Exercise data
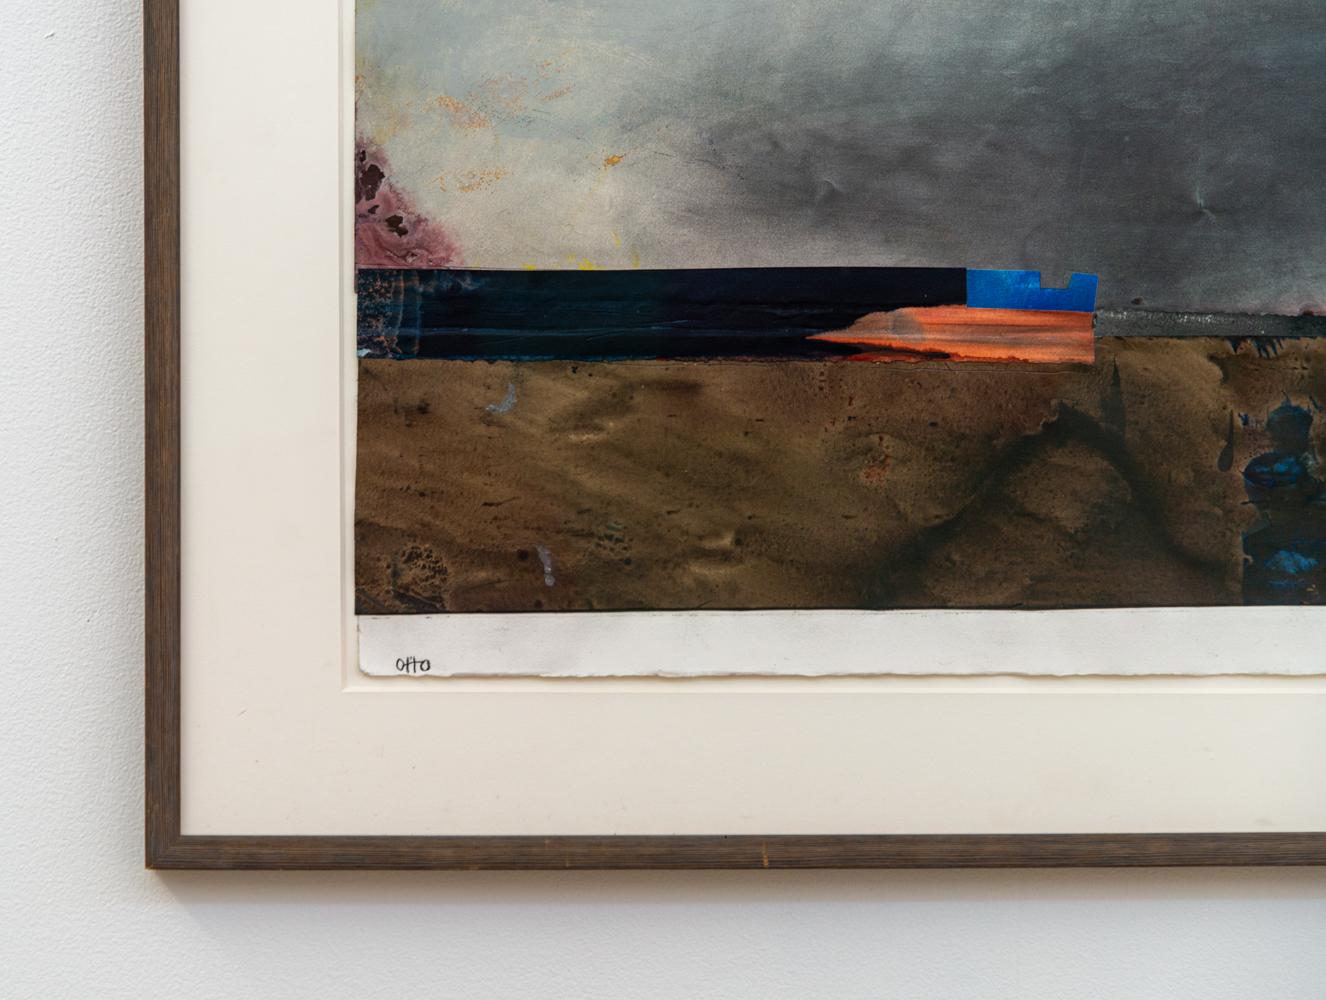 Lampe de bord de mer - audacieuse, terreuse, moderniste, abstraite, acrylique et graphite sur papier - Abstrait Painting par Otto Rogers
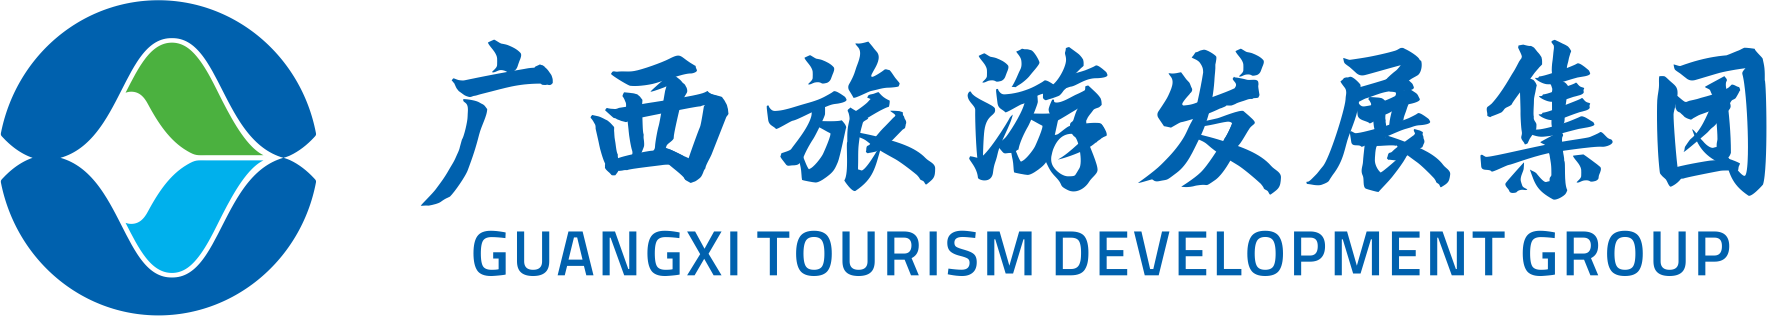 广西旅游发展集团
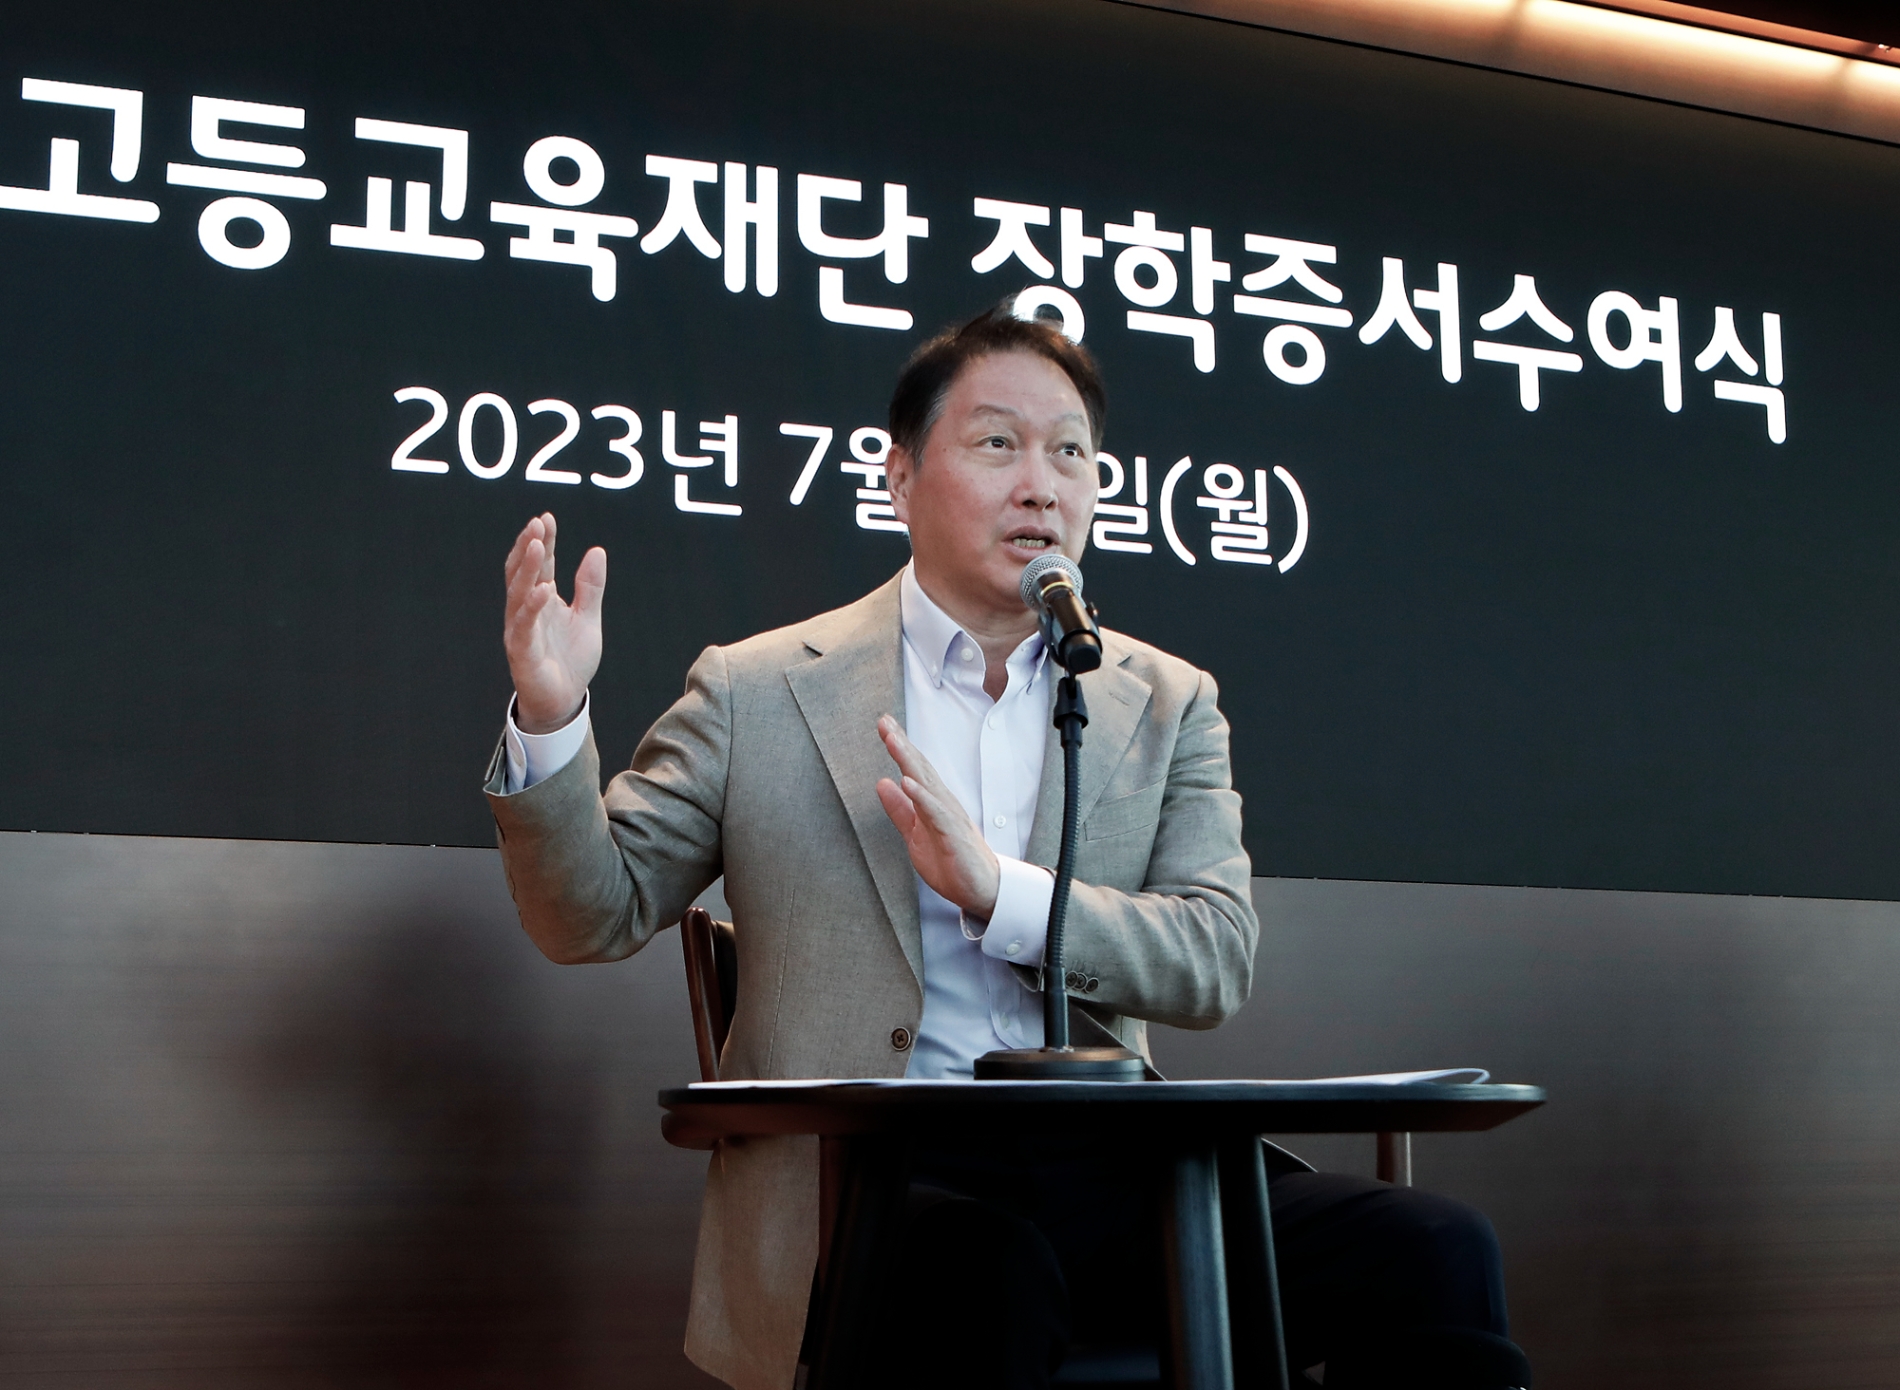 [산업 이슈] 최태원 SK회장 “한국이 글로벌 선도국가 되도록 앞장서야” 外

What is expected
Where pictures occur in the material above, omit them and return everything else exactly.

Written response
 Lampe de bord de mer - audacieuse, terreuse, moderniste, abstraite, acrylique et graphite sur papier - Abstrait Painting par Otto Rogers
 广西旅游发展集团
 [산업 이슈] 최태원 SK회장 “한국이 글로벌 선도국가 되도록 앞장서야” 外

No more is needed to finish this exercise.